- Born: 1956 (age 69–70) Karachi, Sindh, Pakistan
- Education: University of Karachi
- Occupation: Journalist
- Years active: 1997–present
- Employer: ARY News (2026-present)
- Television: YouTube (2024-present) Dunya News (2015–2024) BOL Network (2014–2015) Geo News (2002–2014)

= Kamran Khan (journalist) =

Pakistani journalist (born 1956)

Kamran Khan (کامران خان) is a Pakistani journalist who is the founder of Nukta, an AI-powered digital content platform on YouTube.

Previously, he hosted the talk show Dunya Kamran Khan Kay Sath on Dunya News and Aaj Kamran Khan Ke Saath on Geo News.

Kamran Khan has been credited with bringing investigative journalism into the mainstream electronic media in Pakistan. His reporting during major political and military crises in the 1990s and 2000s earned him a reputation as a trusted news source.

== Journalistic career ==
Following his graduation, Khan embarked on a career in journalism, starting as an investigative reporter for Karachi's Daily News in 1982. His early work quickly garnered attention, leading to contributions to international publications such as The Sunday Times and The Washington Post.

Khan began his career in print media, writing Urdu-language investigative columns for various national newspapers, including those associated with the Jang Media Group, where he focused on political corruption, national security, and governance. He has acknowledged in interviews that his early work in Urdu journalism shaped his professional ethos.

In September 1991, Khan was stabbed in Karachi after receiving threatening telephone calls warning him against writing stories about government corruption. The threats began after Khan wrote an article alleging police misconduct in Sindh, including extortion and illegal confinement.

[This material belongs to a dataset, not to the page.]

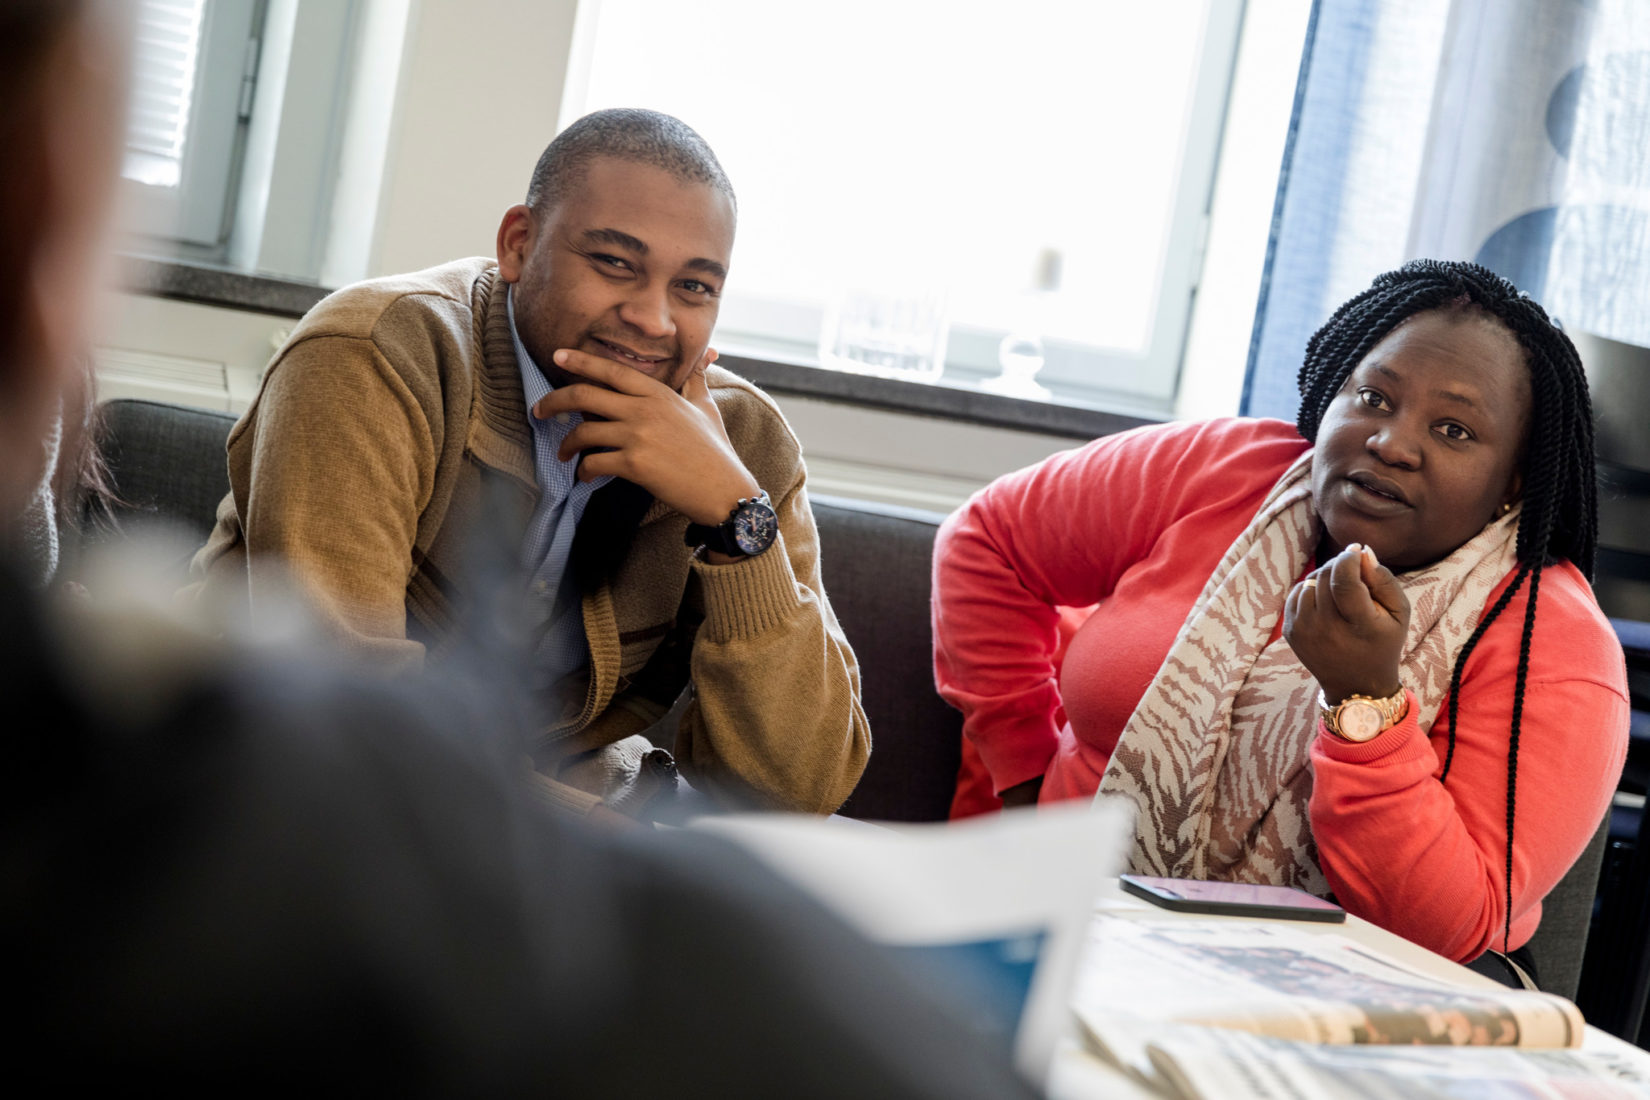 Swedish Institute Management Program Africa 2019 for Change-makers (Moneyed Journey to Sweden)
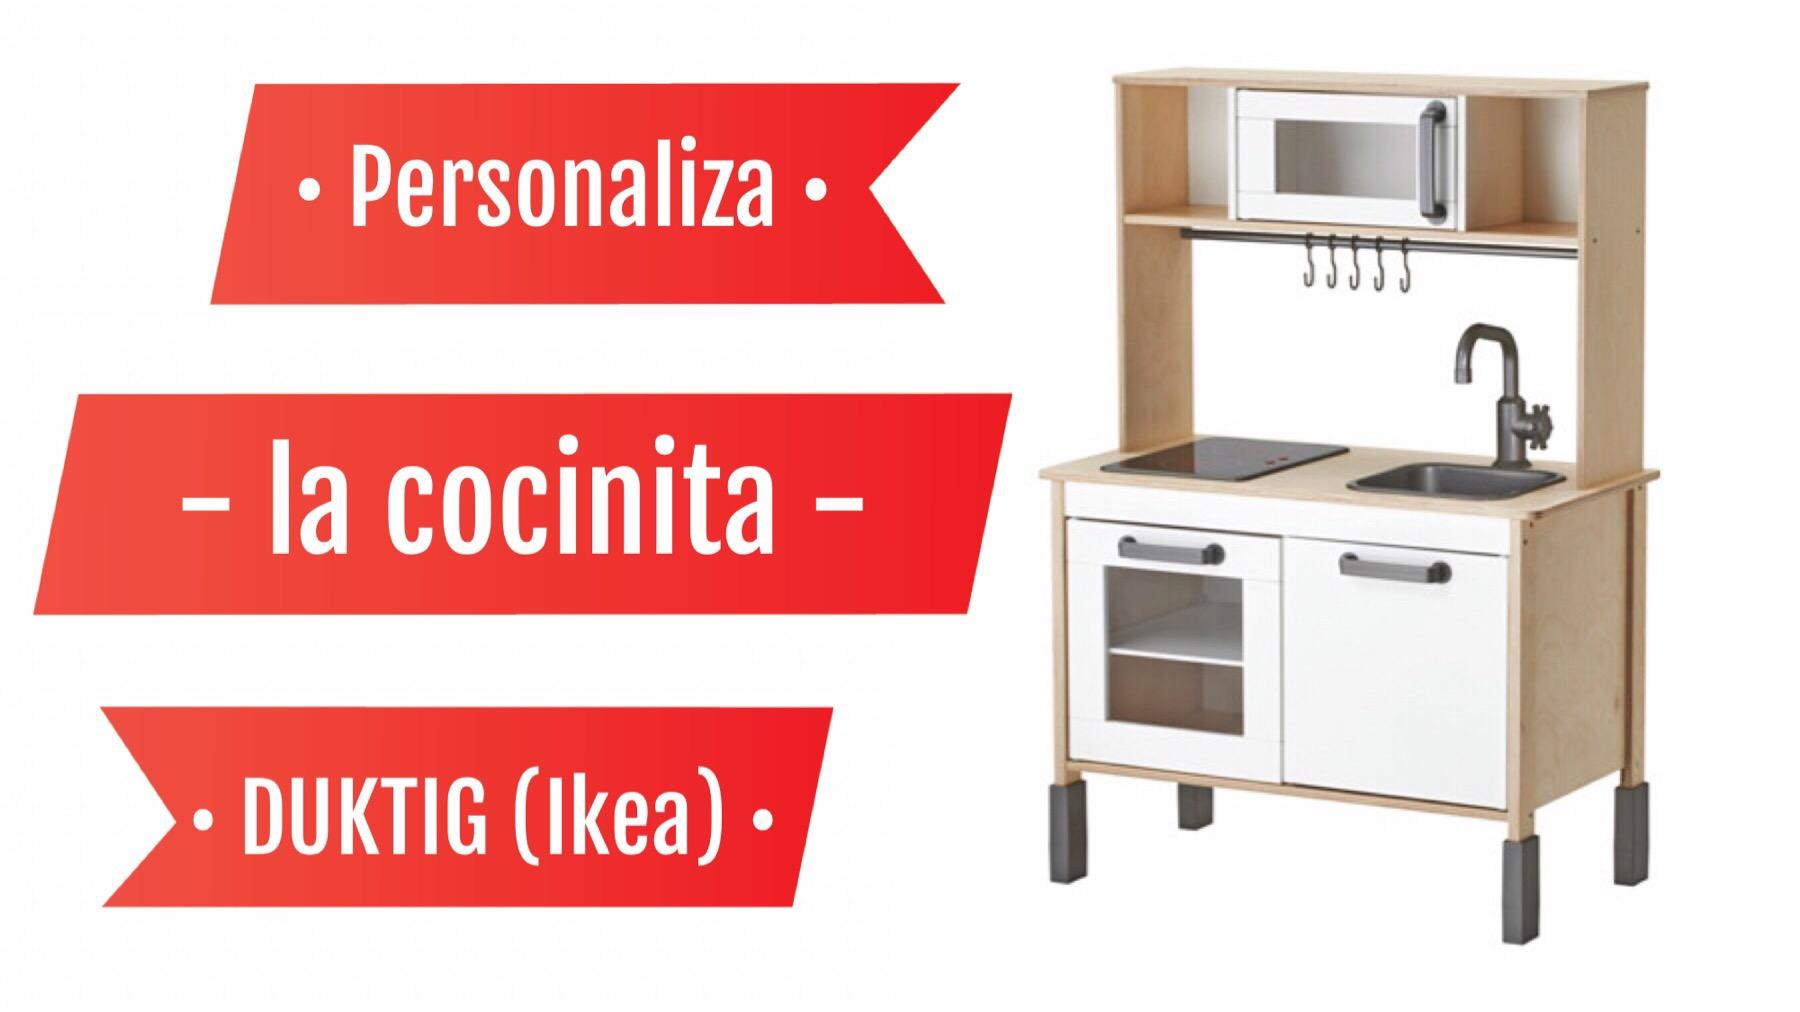 Personaliza La Cocinita Duktig Ikea

Khan has also received threats following a Washington Post story he contributed to about Asif Ali Zardari. Despite changes in government, Khan continued to publish investigative stories about government corruption and periodically received threats. During that period, he worked as a stringer for The Washington Post. Later, he worked as a special correspondent for The Washington Post.

== Anchoring career ==
He gained widespread recognition through his television programs, most notably:

- Aaj Kamran Khan Kay Sath (Today with Kamran Khan) – Aired on Geo News from 2002 to 2014, this show became a major platform for investigative reporting on Pakistani politics and national affairs.
- Dunya Kamran Khan Kay Sath – After moving to Dunya News, Khan continued his work as a host and editor, analyzing political developments and government accountability. It ran from 2015 to 2024.